Юноша тяжело вздохнул:
– Это то, чем занимается желтая пресса?
– Это то, чем будешь заниматься ты. – Дым мягким облаком окутал комнату, и Франсуа закашлялся. – Личности актеров всегда окружены загадками и тайнами. Ты хотел тайн? Ты их получишь. Расскажи о каждом из них, посмотри все текущие спектакли, узнай то, чего не знает еще никто. Мадлен Ланжерар, Этьен Летурнье, Аделин Баррон, Марианна ван дер Меер, Себастьен Деруссо, Марк Вернер, Софи Роше…
Паскаль Вер сделал в воздухе неопределенный жест рукой, показывая, что имя им легион, и строго посмотрел на журналиста поверх толстых стекол очков. Тот кивнул и даже что-то черкнул в своем блокноте – для вида, конечно, эти имена и так были на слуху у каждого.
– О них уже писали все кому не лень. Однако в этом театре есть о чем написать. Я давно слежу за происходящими там событиями, и смерть Клоди – только одно в их череде.
– Ты будешь со мной спорить? Напиши так, как еще никто не писал. Найди что-нибудь новое. Поработай мозгами в конце концов, а не только авторучкой.
Франсуа всегда пользовался карандашом – его можно было стереть, – но сейчас решил этого не уточнять.
– Ну, что сидишь?
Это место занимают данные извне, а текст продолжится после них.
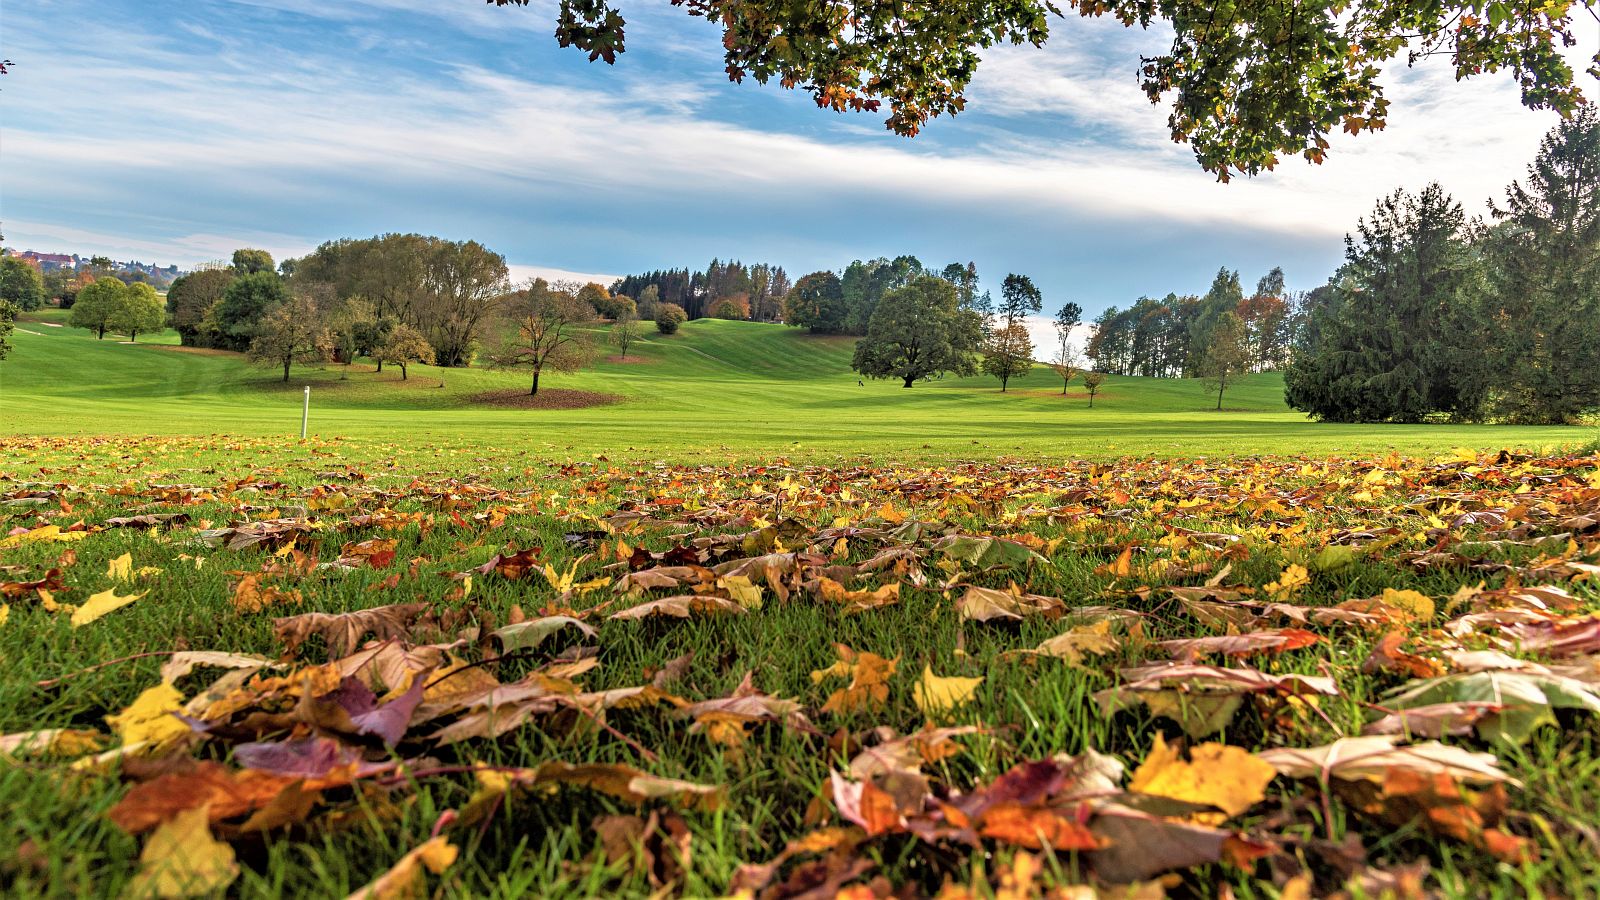 Wenn die Blätter fallen, ist die Golf-Saison noch längst nicht vorbei. Herbst-Golf hat einen ganz besonderen Reiz. © Quellness & Golf Resort Bad Griesbach/Pedagrafie

У тебя мало работы? – Паскаль Вер начал раздражаться, и журналист поспешил ретироваться.
Уже сидя за своим столом и напрасно переводя бумагу под карандашом, он с упрямством думал, что и из этого задания можно будет сделать что-нибудь интересное. Если в отличие от «Ля ви» или «Вог» он будет писать не о любовницах Летурнье, а… О чем? Грифель карандаша сломался от сильного нажатия, и Франсуа отбросил его в сторону. Театр Семи Муз известен новаторским подходом, яркой драматической игрой, неожиданными взглядами. Его актеров не раз называли самыми лучшими, талантливыми и необычайно одаренными… Франсуа и сам видел подтверждение этих слов на сцене: любой спектакль стремительно затягивал его с первой же минуты, едва занавес поднимался, а затем выбрасывал на берег опустошенного, без единой мысли в голове. Они приходили уже потом, на следующее утро, когда он сидел на работе за этим самым столом, сжимая голову руками, и думал, как облечь в слова увиденное на сцене. Он сам не понимал, что такого особенного в этом театре, хоть и предпочитал его многим другим. Может быть, стоит воспользоваться шансом и заглянуть в те дальние уголки закулисья, где он еще не бывал?
– Эй, Франсуа, ты так сидишь уже полчаса! Опять Вер всю плешь проел? – окликнул его коллега, деливший с ним стол. Точнее, угол стола, поскольку остальная поверхность столешницы была завалена бумагами.
– Наоборот, – загадочно протянул Линьер. – Поручил кое-что интересное.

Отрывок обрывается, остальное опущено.